When I wrote this article on the espada ancha, part of the theme concerned not only the use of this term for these basically utilitarian short swords, when they were known locally only as 'MACHETE'...but the history of their evolution and use.

The modern application of the term ESPADA ANCHA for them seems to have come about c. 1965 when historian Odie Faulk was translating from the regulations for colonial soldiers of I believe 1772. In these regulations it was ordered that the mounted soldiers were to continue carrying the 'espada ancha', in this case referring to the 1728 dragoon sword (known in English as the bilbo).
Mr. Faulk assumed, as he knew of the preference of the colonial mounted troops for the short swords, which they typically wore on the trails, so he thought the espada ancha in the regulations meant these rather than the 'bilbo' (which was meant in the wording) .

Faulk was a close colleague of Sidney Brinckerhoff, who in 1972 with Pierce Chamberlain wrote "Spanish Military Weapons in Colonial America 1700-1821". In this, virtually the only reference book on Spanish colonial weapons, Brinckerhoff carried forward this application of the term espada ancha for these 'machetes' . As Woodward (1946) notes, even into the 20th century these short swords have been known as machete.

Historian/artist David Rickman confirmed this situation to me in conversations while working on this article (for which he did the art work), and he had been told this by Mr.

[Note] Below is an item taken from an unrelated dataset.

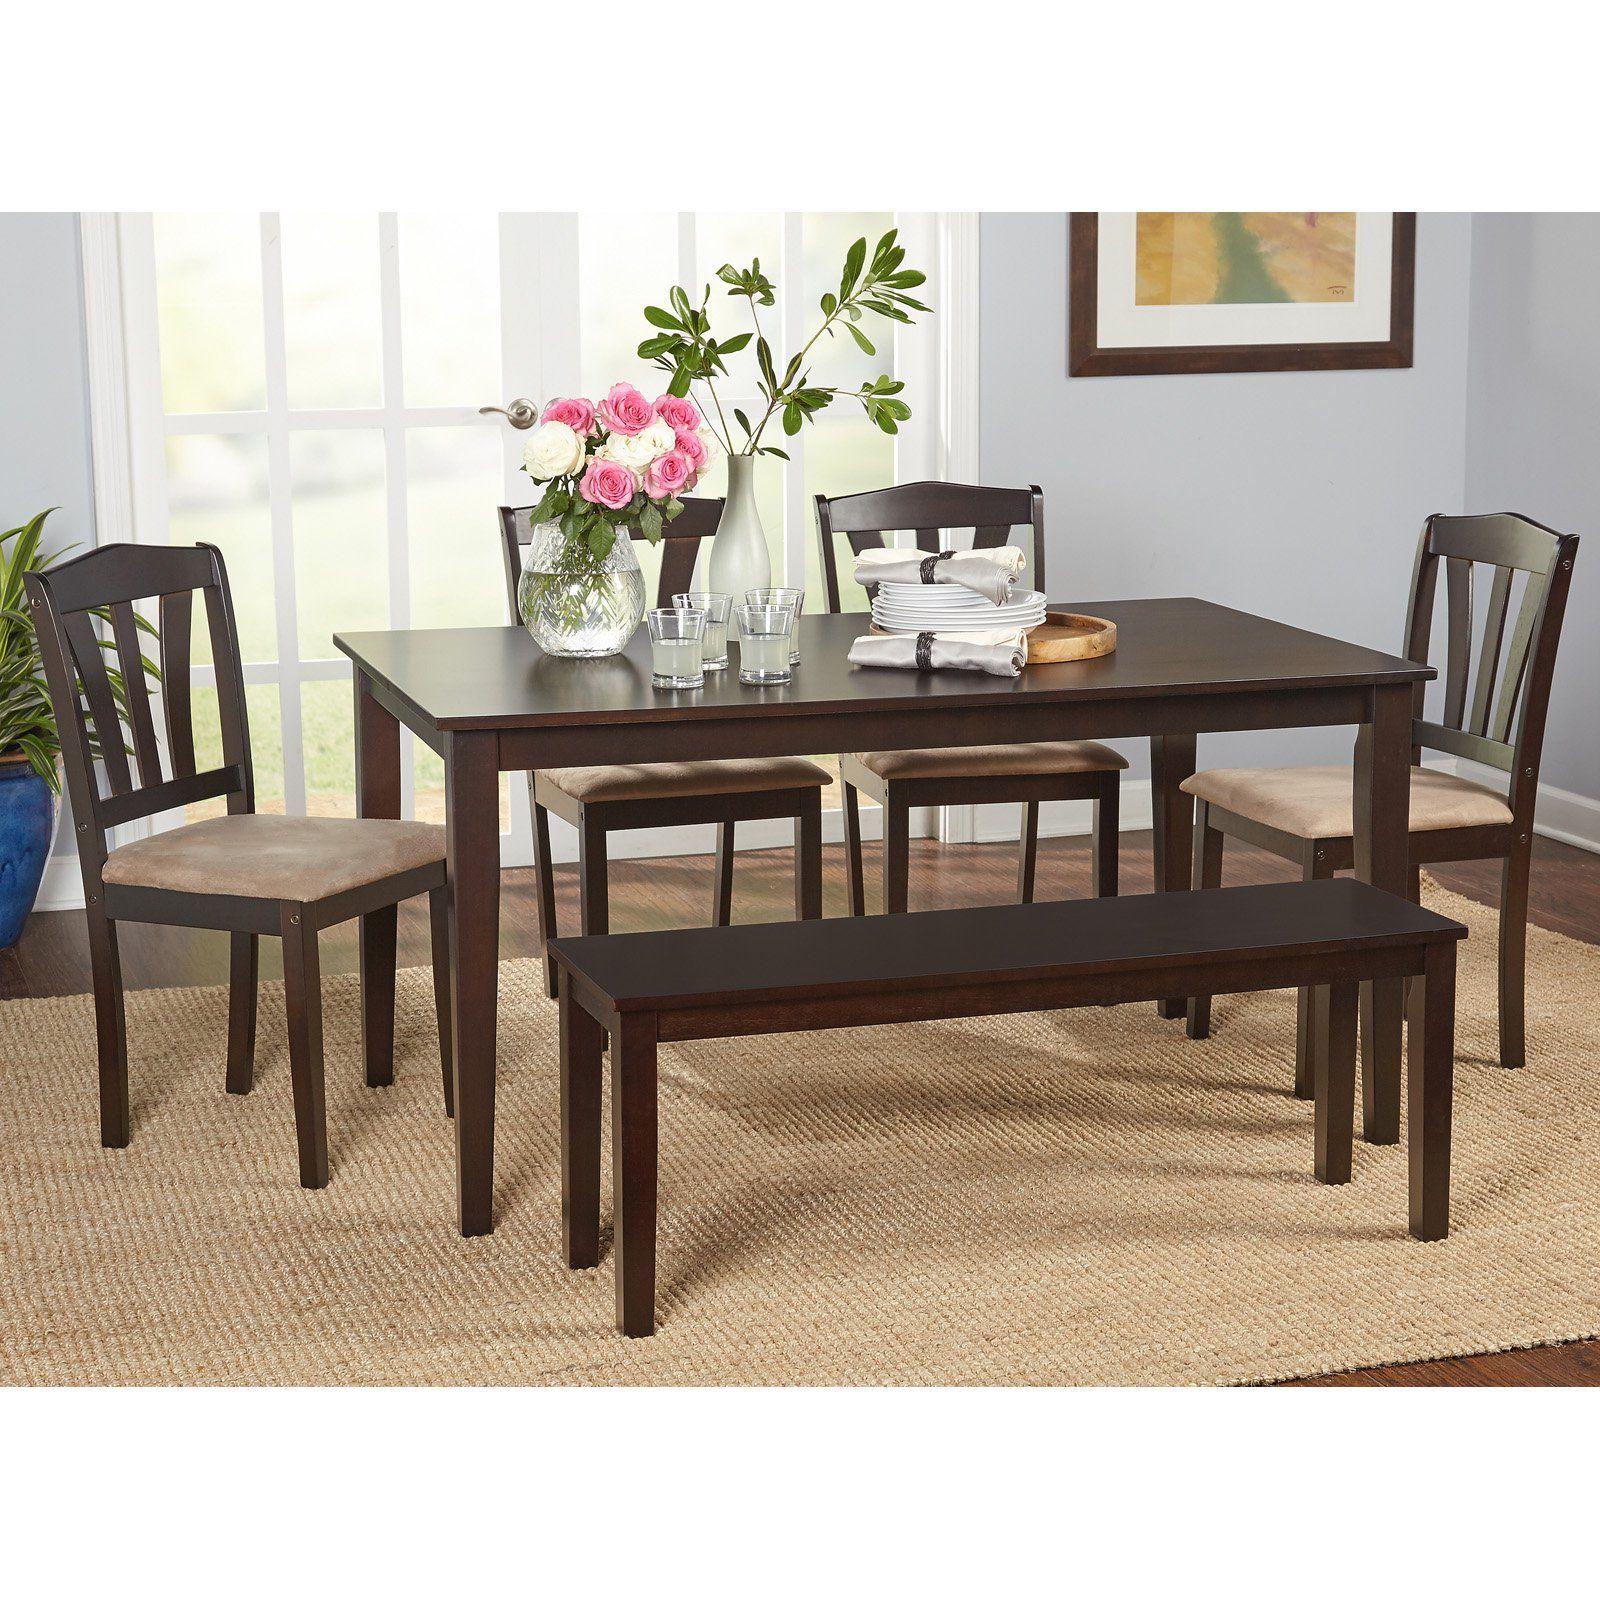 Target Marketing Systems Metropolitan 6 Piece Dining Table Set

Brinckerhoff.

It does make sense that Spanish fencing manuals would not be overly specific in descriptive names for sword types, and the term espada would of course be collectively used. As noted the term 'bilbo' was entirely of English origin which arose in the late 16th century for fine Spanish swords which came out of the northern port of Bilbao.
The colloquial term for these, 'boca de caballo' ,also was simply a colorful term used informally .

The term espada ancha used in the regulations previously noted was intended to specify continuing the use by colonial mounted troops of the LARGE SWORD (=espada ancha) of regulation use as opposed to the smaller swords (machete) which were privately made locally and clearly non regulation.